Так вот, перед тем, как отправиться на практику в Гану, я поехал в Ирландию, где учил английский язык. 12 октября 2000 года из Ирландии я направился в Италию, где мы были на аудиенции у Папы Римского, во время которой генеральный настоятель вручил 62 миссионерам миссийные кресты. Из нашего округа было пятеро: я и два семинариста (которые впоследствии оставили орден), священник Йозеф Тод, который поехал в Монголию, священник Йозеф Правда, который был раньше в Сибири. Три священника и два семинариста поехали на миссию. И, к сожалению, отец Йозеф Тод возвратился из Монголии в Сибирь обратно, что-то не сложилось. Отец Йозеф Правда служил несколько лет в Азербайджане, но тоже вернулся в Словакию — по состоянию здоровья. Таким образом, из пяти миссионеров нашего округа остался только я.
После получения миссионерского креста 12 октября 2000 я вернулся на две недели в Ирландию учить английский язык. Однако, чтобы поехать в Африку, я должен был сделать около 20 прививок (от бешенства, гепатита, и т.д.), и это заняло шесть месяцев. То есть реально я уехал на миссию только 11 сентября 2001 года, ровно 20 лет тому назад.
Почти два года я был в Гане и Кении, изучал теологию, провёл три месяца в Уганде и три месяца в Тинзании, а после рукоположения во диаконы меня отправили в Сьерра-Леоне на постоянное служение.
Четыре года назад меня отправили на девять месяцев в Италию, где я защитил диплом бакалавра по специальности «экономика и девелопмент». Затем меня отправили в инспекторальный дом, но, проработав там три месяца, я понял: это не для меня — ездить по общинам и проверять, что да как, разбирать бумаги, подписывать договора.

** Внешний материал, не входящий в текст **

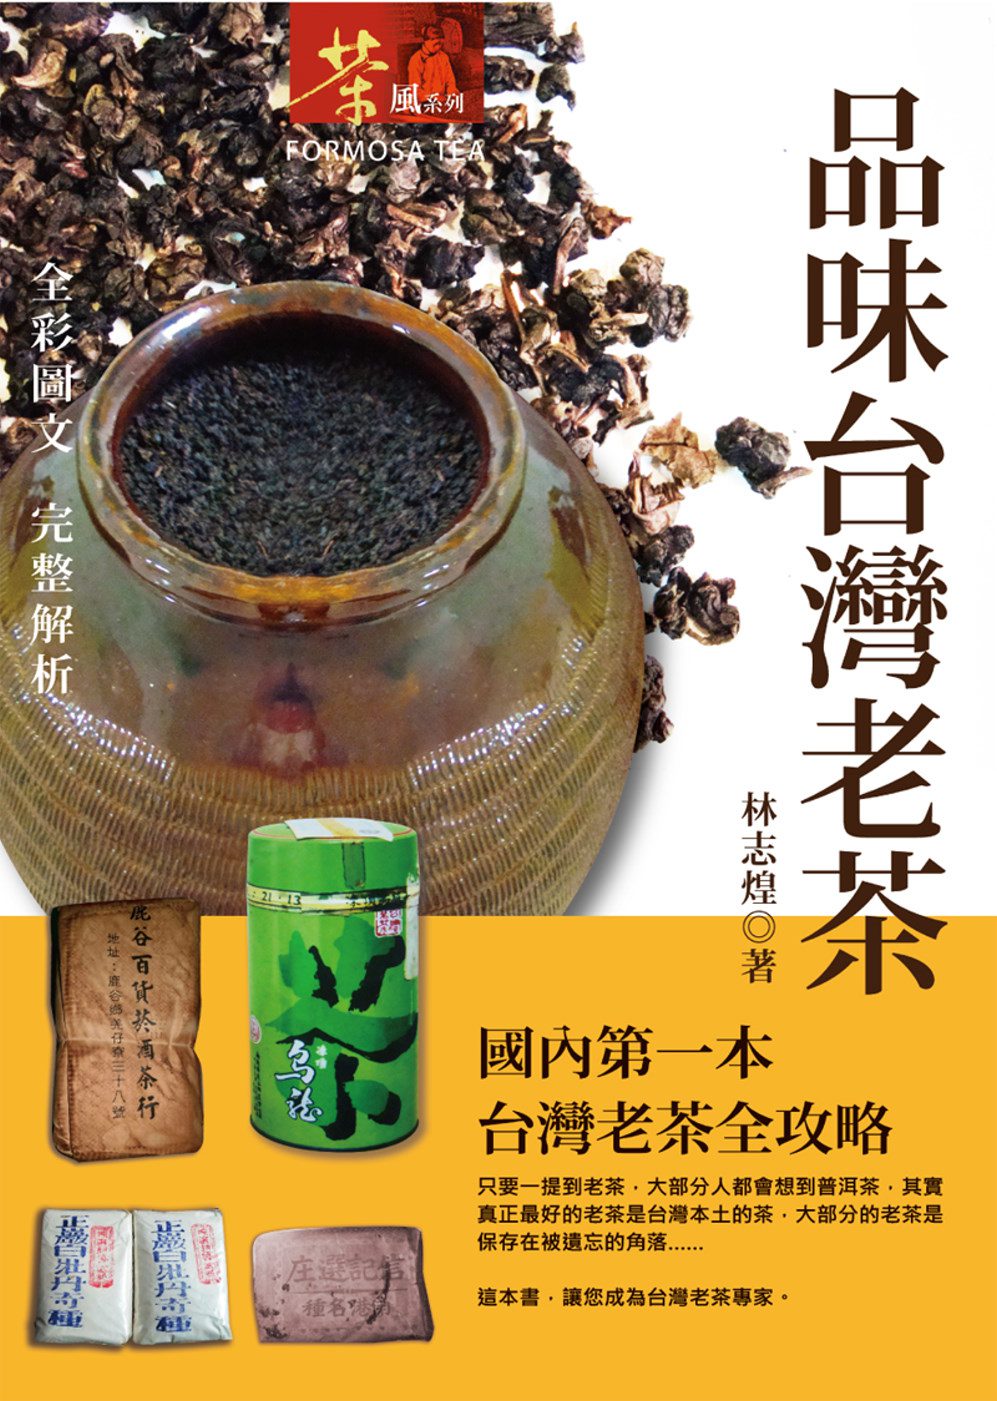 品味台灣老茶

Я видел, как другой священник, который занимался этим четыре месяца, поседел и постарел, его было не узнать. Я не хотел быть на него похожим.
— А у священника есть возможность выбора того, что ему по душе? Как же послушание?
— Да, такая возможность есть, мнение священника всегда учитывается. Если ты салезианец, ты, конечно, обязан подчиниться распоряжениям инспекторов. Но, слава Богу, все инспекторы, которые были у нас в Западной Африке, всегда спрашивали согласия. Говорили: «Я хочу направить тебя туда-то. Ты cогласен?» То есть послушание не означает слепое подчиние, в нём есть возможность обсуждения. Послушание — это всегда диалог с собратьями. И мне очень это нравится.
Мне, например, и в Италию-то не хотелось ехать, но аргументы инспектора перевесили моё нежелание. В то время я был экономом одного дома и поднял его на хороший уровень, эти успехи были замечены, поэтому подумали, что я мог бы стать хорошим администратором всей инспектории. Вот и направили, и выучился, но…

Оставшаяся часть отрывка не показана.